The Mechanic is a great movie about assassins. One word in the preceding sentence is untrue. I don’t remember much of it, and the more I try to think about it, the more I forget. In that way, The Mechanic is nothing like love. The more you think about it, the more you remember it. And the more you try not to think about it, the more you remember it. And soon the memories swallow you. They swallow thought, they swallow sound, and their images become larger than the apparatus of analysis can bear. They become your spiritual porn. That’s when you act, and run back to them, and slide into home on your knees. They give you your you had me at hello, and you give them your you complete me. Memory ends, and moment explodes. Until then the beautiful dreams will continue to pass through you while you sleep, dispersing to the bleat of your alarm clock, coloring the rest of your morning an aching neon, propelling your path of self-destruction through the night, gluing your soul to the past. The bigger the hole gets, the more you need the images to fill it, the more elaborate they grow—they branch, they fructify—and thus become the more impossible to attain, missiles impossible to aim, creating even larger ripples of letdown when you fail to realize them, creating a larger hole, producing ever more beautiful and ever more false fantasies. But to others—and here empathy works its cruel miracle—those images will seem not only real, but necessary, as if having cascaded from the highest precipices of meaning. So you look into their eyes and observe how happy they are, clutching the life-preserver the cycles of your misery has flung them. And briefly you are heartened by their smiles—those physical facts—or the tears in their eyes. They will go home to their husbands or wives or computers and resume their grueling uncinematic routines, but a little lighter in the chest for believing there is a transcendent possibility somewhere out there—while you drown in withoutness, praying for the courage to get up, for the courage to act in the name of love instead of merely play chemistry set with its rhetoric, knowing this inaction has always been the furnace of your allure, the fuel of imagination. No word in the preceding sentence is untrue.

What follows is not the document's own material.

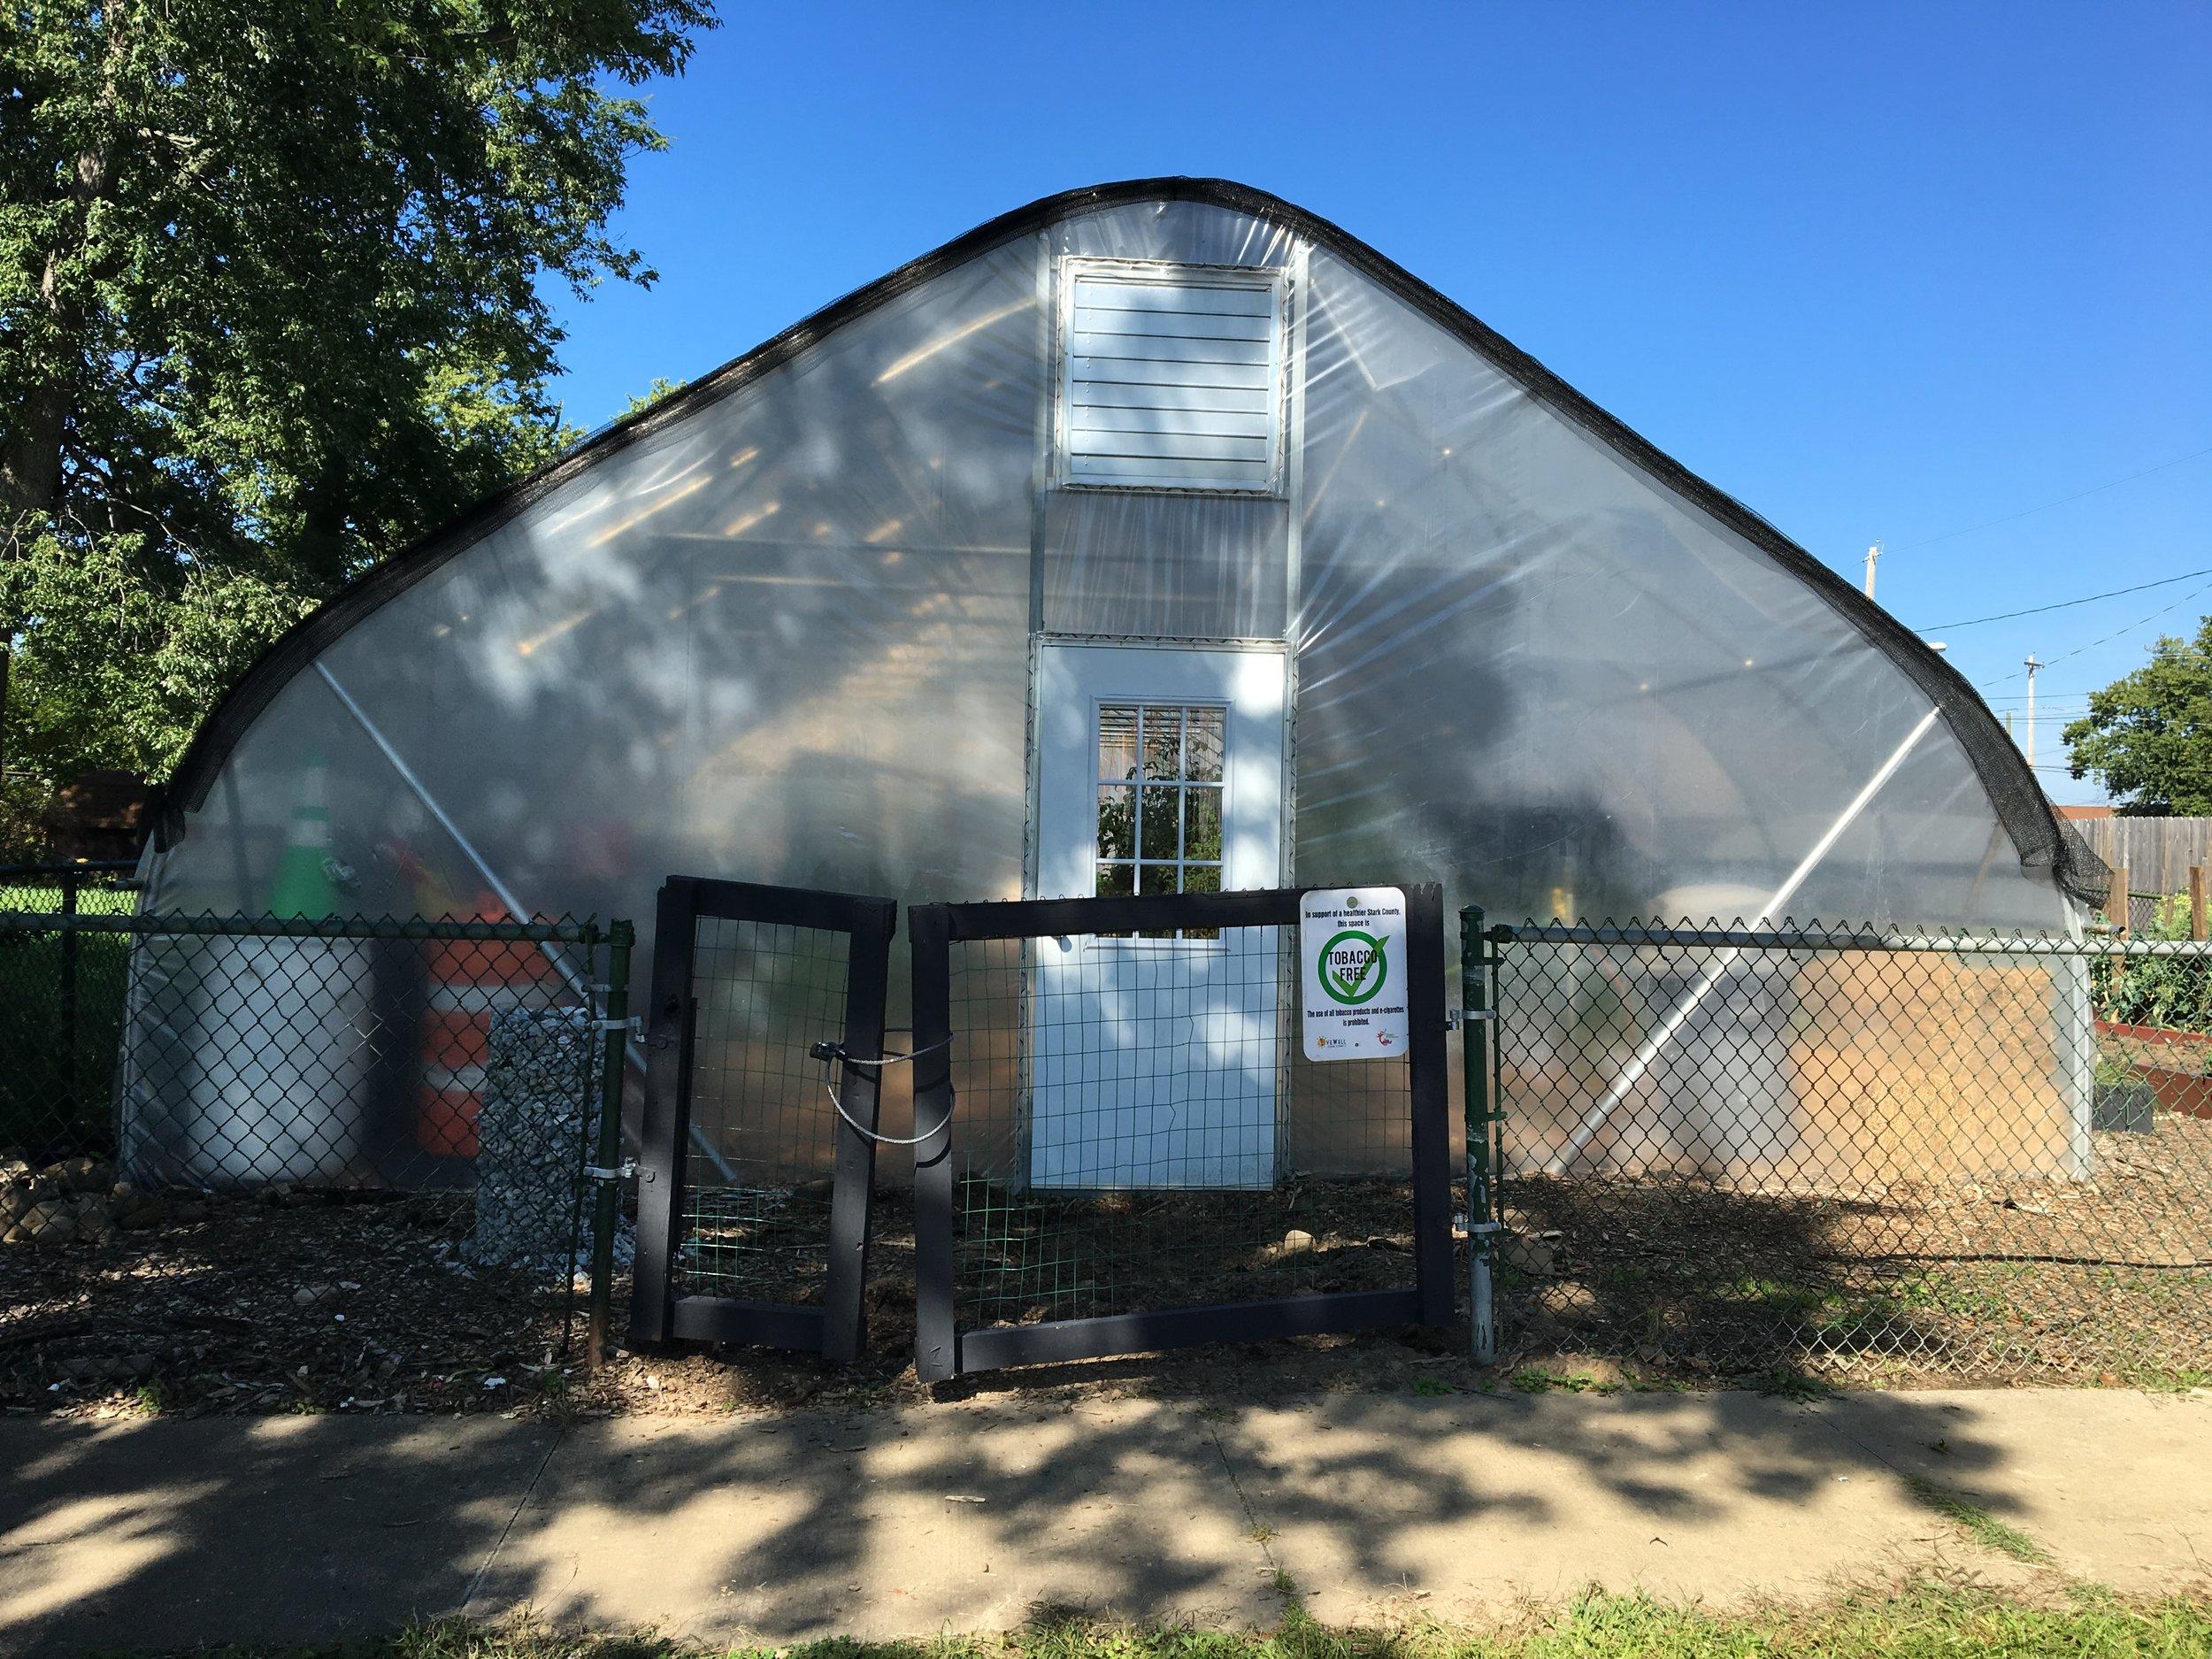 ROW 45 - Community Garden & Shared Use at StarkFresh Food Production_3.jpeg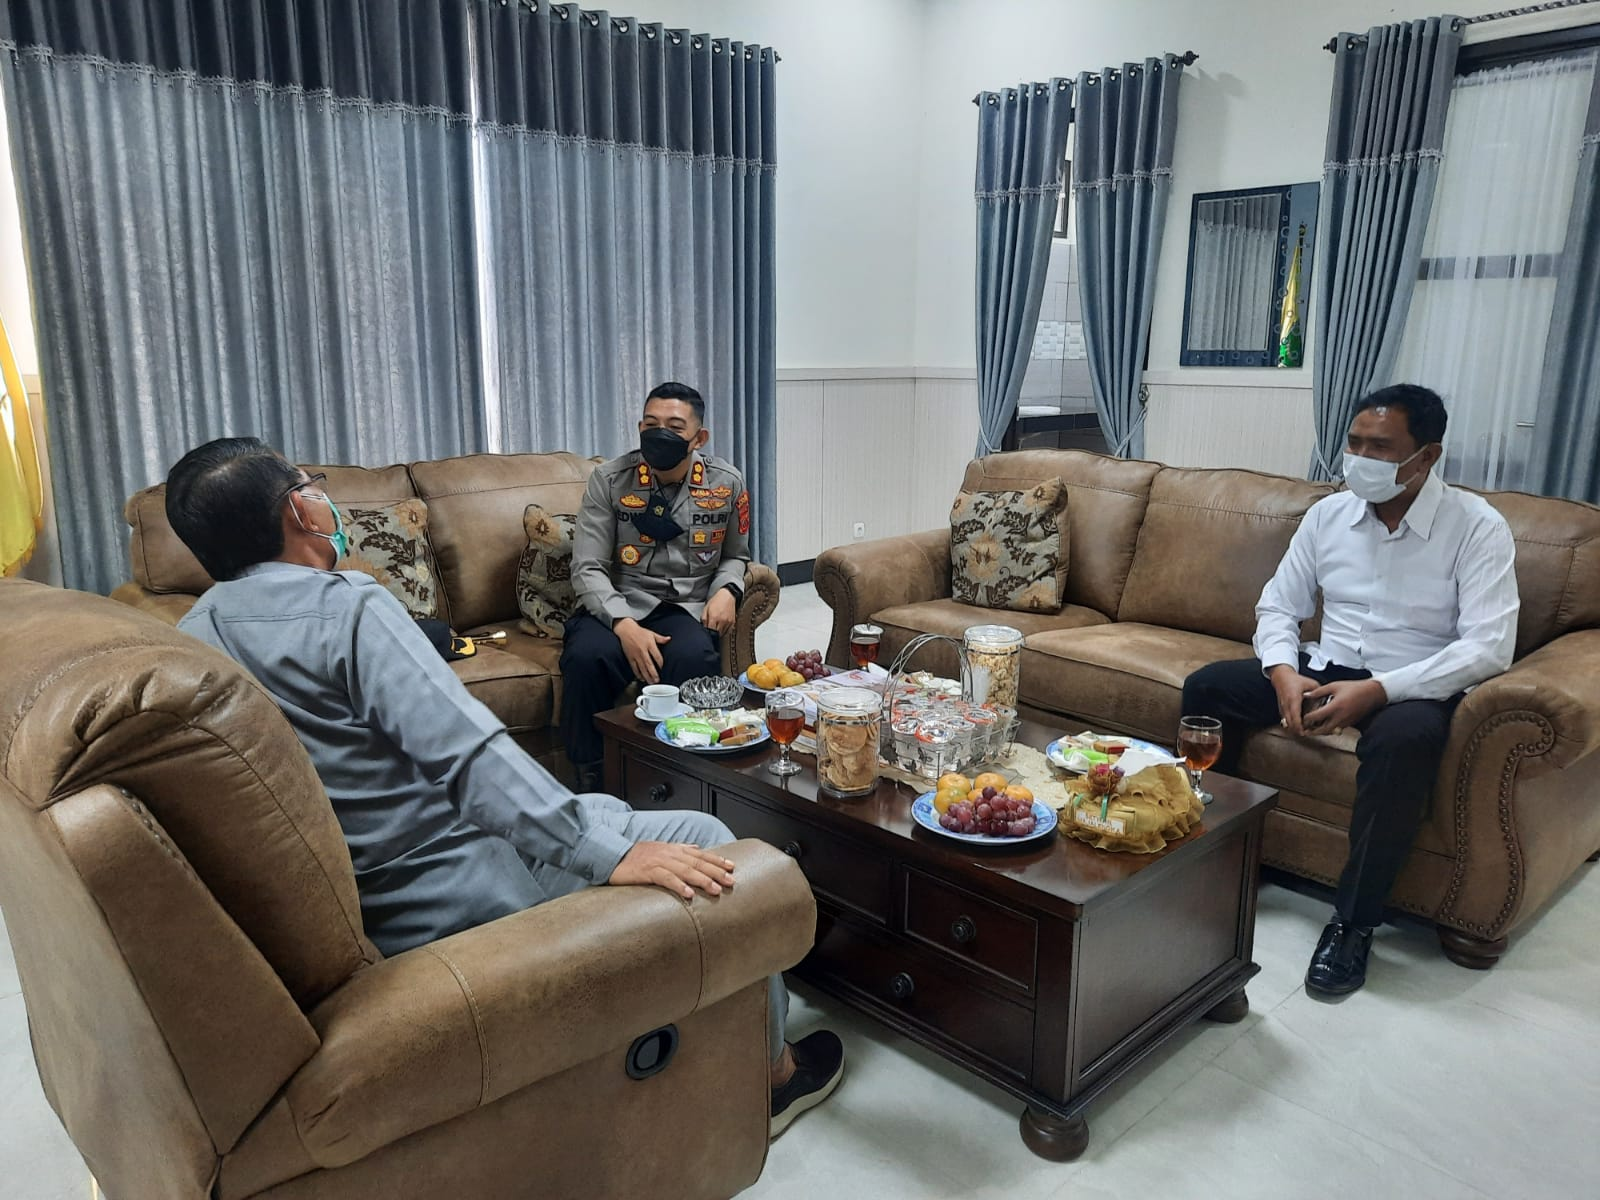 Jalin Sinergitas dan Ciptakan Kamtibmas Yang Kondusif, Kapolres Majalengka Silaturahmi Dengan Ketua DPRD

“I’m putting a price on your head so big that when you look in the mirror, your reflection is going want to shoot you in the face!” Thus the villain in The Mechanic shouts over the phone to Jason Statham. Read it again. Marilyn Monroe wasn’t in this movie because she’s dead, but she said, “If you can make a girl laugh, you can make her do anything.” Dashing English poet and possible ancestor of Jason Statham, Robert Browning, said, “A man’s reach should exceed his grasp.” Jesus Christ, Divine Assassin of Sin, opens his sermon on the mount, “Blessed are the poor in spirit: for theirs is the kingdom of heaven.” Either Thomas Jefferson or Benjamin Franklin, both of whom I consider to be the Ben Foster of the Founding Fathers, once said something whose exact words I can’t remember, but the gist of it was, “Our parents were farmers so that we might become statesmen, and we are statesmen so that our children might become philosophers and artists.” Adolph Hitler, failed artist, amateur philosopher, and the reigning image of evil in the modern mind, Kamph’ed, “A man does not die for something which he himself does not believe in.” So much truth is out there, swirling around The Mechanic. So little was in it. Werner Stipetić, too poetic to be anything but a beautiful failure as a filmmaker, changed his surname to Herzog, German for duke, in order to protect himself from what he called the unyieleding evil of the universe. “There is a dormant brother inside of you, and I awaken him, I make him speak, and you are not alone anymore,” Herzog said in a recent interview. Some of the violence is creative, and gleefully echoes Con Air, which Simon West also directed, but the rest of The Mechanic is nihilistic, pointless, and sloppy. Life is a wedding dress stuffed into a thimble.